The bitmap_onto() operator computes one bitmap relative to another. If the
n-th bit in the origin mask is set, then the m-th bit of the destination mask
will be set, where m is the position of the n-th set bit in the relative mask.
The bitmap_fold() operator folds a bitmap into a second that has bit m set iff
the input bitmap has some bit n set, where m == n mod sz, for the specified sz
value.
There are two substantive changes between this patch and its
predecessor bitmap_relative:
1) Renamed bitmap_relative() to be bitmap_onto().
2) Added bitmap_fold().
The essential motivation for bitmap_onto() is to provide a mechanism for
converting a cpuset-relative CPU or Node mask to an absolute mask. Cpuset
relative masks are written as if the current task were in a cpuset whose CPUs
or Nodes were just the consecutive ones numbered 0..N-1, for some N. The
bitmap_onto() operator is provided in anticipation of adding support for the
first such cpuset relative mask, by the mbind() and set_mempolicy() system
calls, using a planned flag of MPOL_F_RELATIVE_NODES. These bitmap operators
(and their nodemask wrappers, in particular) will be used in code that
converts the user specified cpuset relative memory policy to a specific system
node numbered policy, given the current mems_allowed of the tasks cpuset.

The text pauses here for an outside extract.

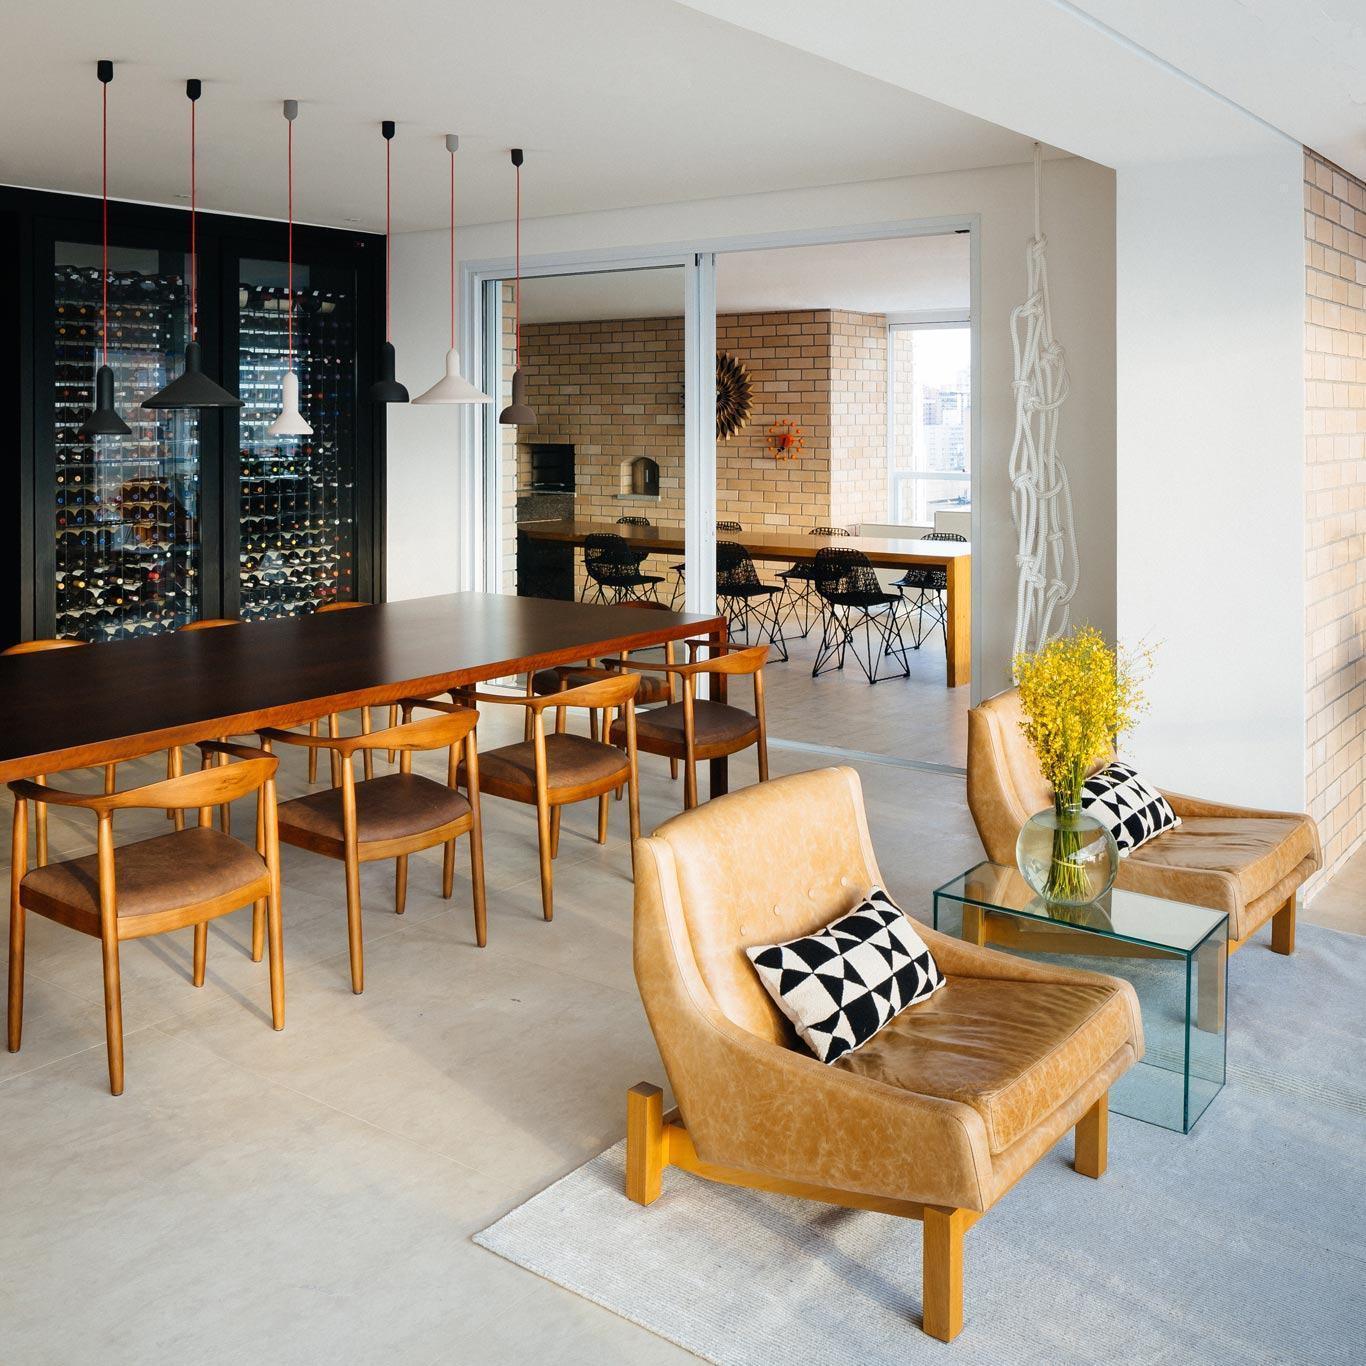 Mesas de jantar modernas 60 projetos dicas e fotos - Mesas redondas modernas ...

Such cpuset relative mempolicies will address two deficiencies
of the existing interface between cpusets and mempolicies:
1) A task cannot at present reliably establish a cpuset
relative mempolicy because there is an essential race
condition, in that the tasks cpuset may be changed in
between the time the task can query its cpuset placement,
and the time the task can issue the applicable mbind or
set_memplicy system call.
2) A task cannot at present establish what cpuset relative
mempolicy it would like to have, if it is in a smaller
cpuset than it might have mempolicy preferences for,
because the existing interface only allows specifying
mempolicies for nodes currently allowed by the cpuset.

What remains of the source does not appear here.